Впрочем, это я уже разогнался. Мимо всего этого сначала еще надо суметь пройти: чего-чего, а позиций для засады здесь более чем достаточно. И в каждом из многочисленных разрушенных помещений меня может ждать группа захвата; из каждого окна может целиться снайпер. Хотя последнее как раз вряд ли. Если б меня хотели просто ликвидировать, уже сделали бы это.

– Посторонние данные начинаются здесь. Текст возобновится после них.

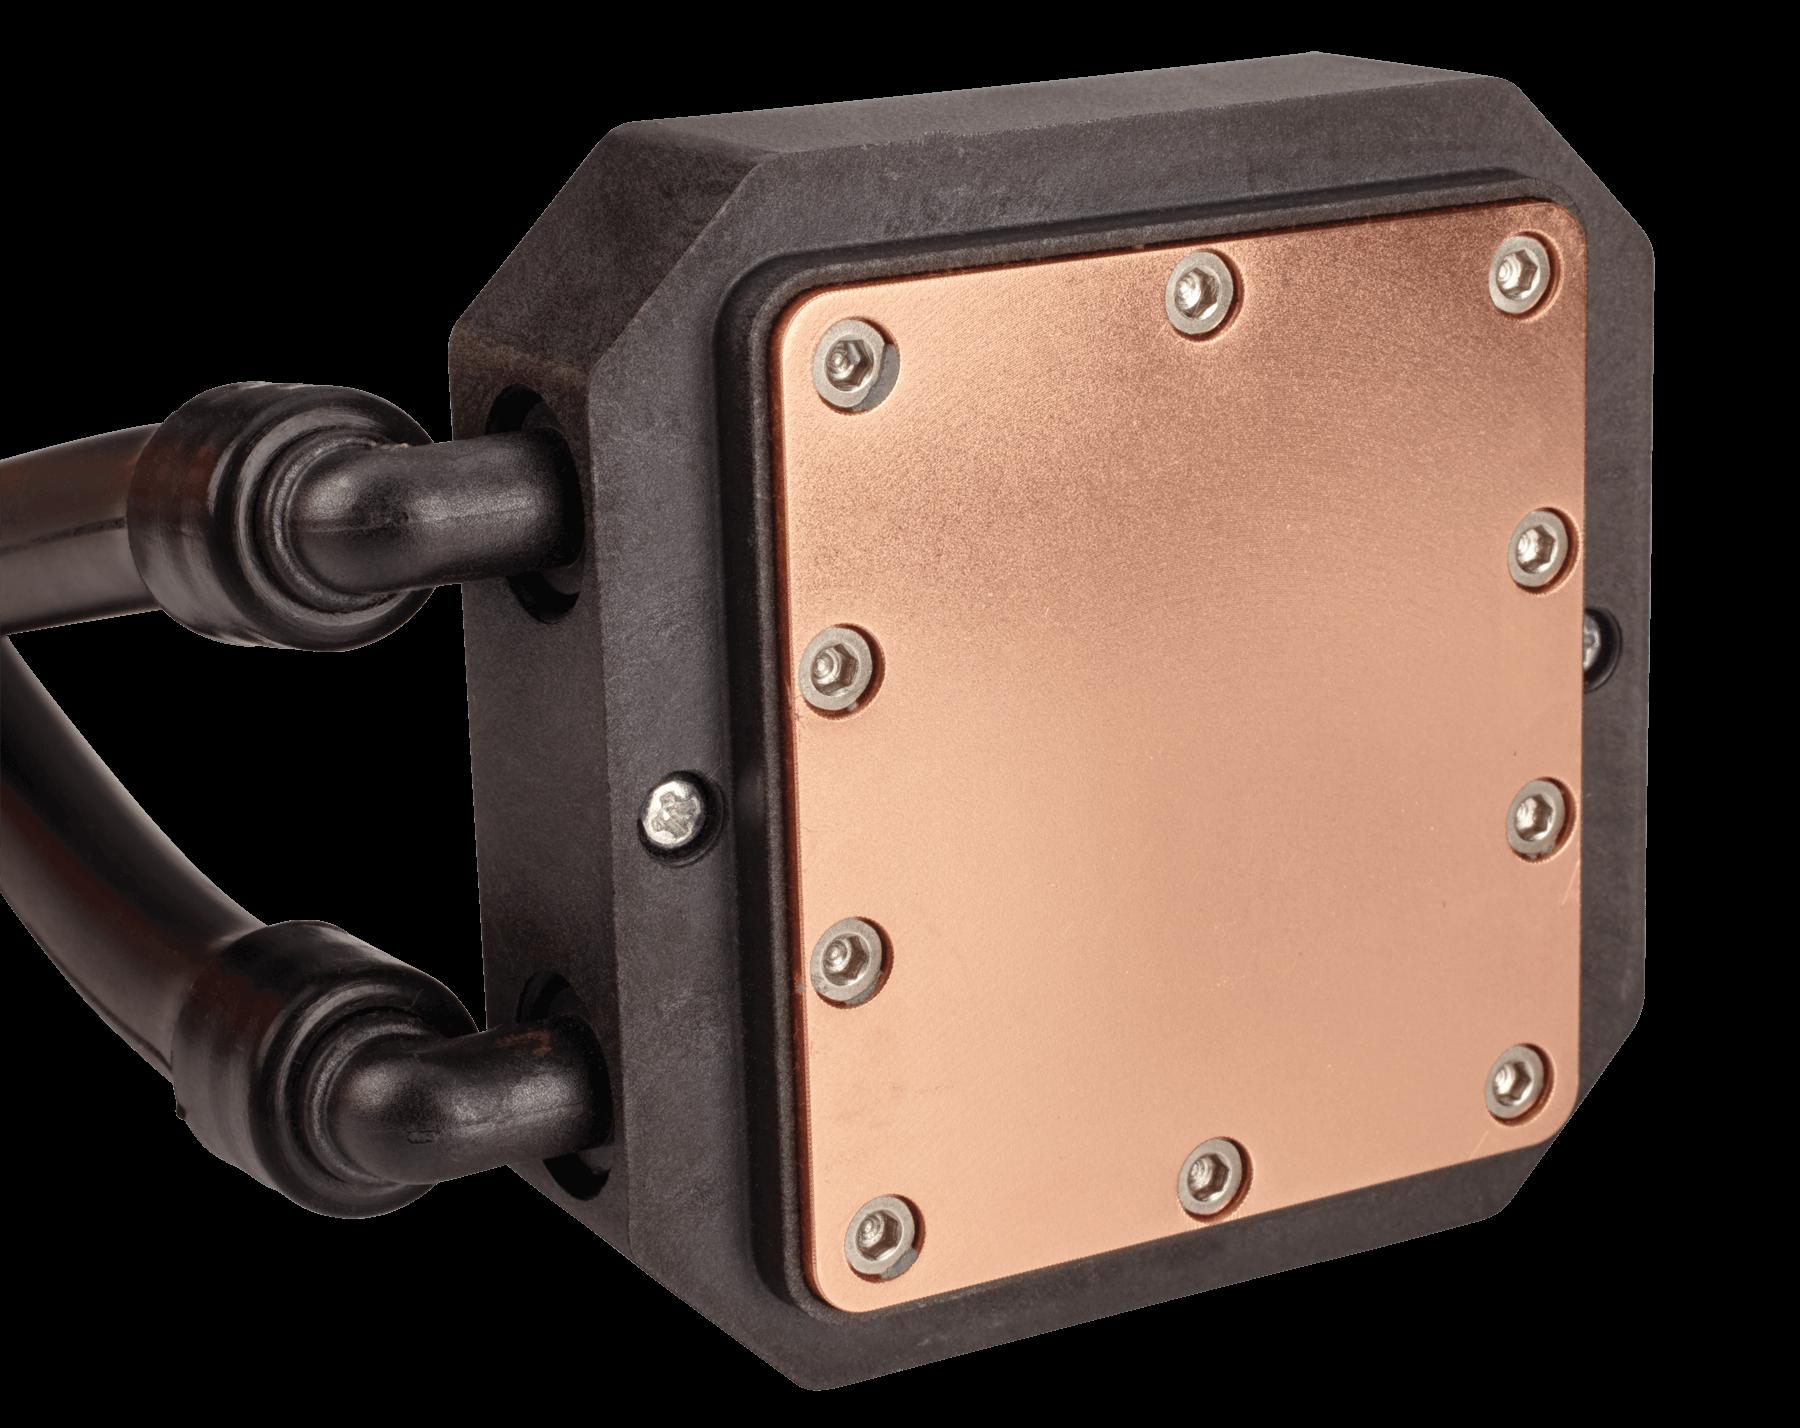 CORSAIR H45 CW-9060028-WW Sıvı Soğutma Sistemi 1150, 1151, 1155, 1156, 1366, 2011, 2011v3/AM3,FM2

Теперь-то я им точно нужен живым.
Внешне я оставался абсолютно спокойным – не разыгрывал, конечно, скучающего туриста, праздно разгуливающего по «Вервольфу» с пистолетом в руке, но и не передвигался короткими перебежками. Однако это спокойствие было обманчивым: я был готов действовать в любую секунду. Действовать жестко и решительно, «как учили», одним словом. Тем удивительней было то, что этого не потребовалось. Спустя минут пятнадцать я благополучно вышел за территорию основного комплекса Ставки. Это было странно и не совсем понятно.
Опустившись на колено, я позволил сумке сползти на землю и замер, держа пистолет перед собой на вытянутых, чуть опущенных руках. Максимально расслабившись, прислушался, стараясь вычленить из окружающего звукового фона малейшее чужеродное вкрапление и одновременно осматриваясь сквозь слегка прищуренные глаза. Да нет, тишина и все та же, что и раньше, пустота кругом. Как ни дико это звучит, но здесь, похоже, и никого нет – отчего-то я был в этом уже почти точно уверен. И это мне все больше и больше не нравилось…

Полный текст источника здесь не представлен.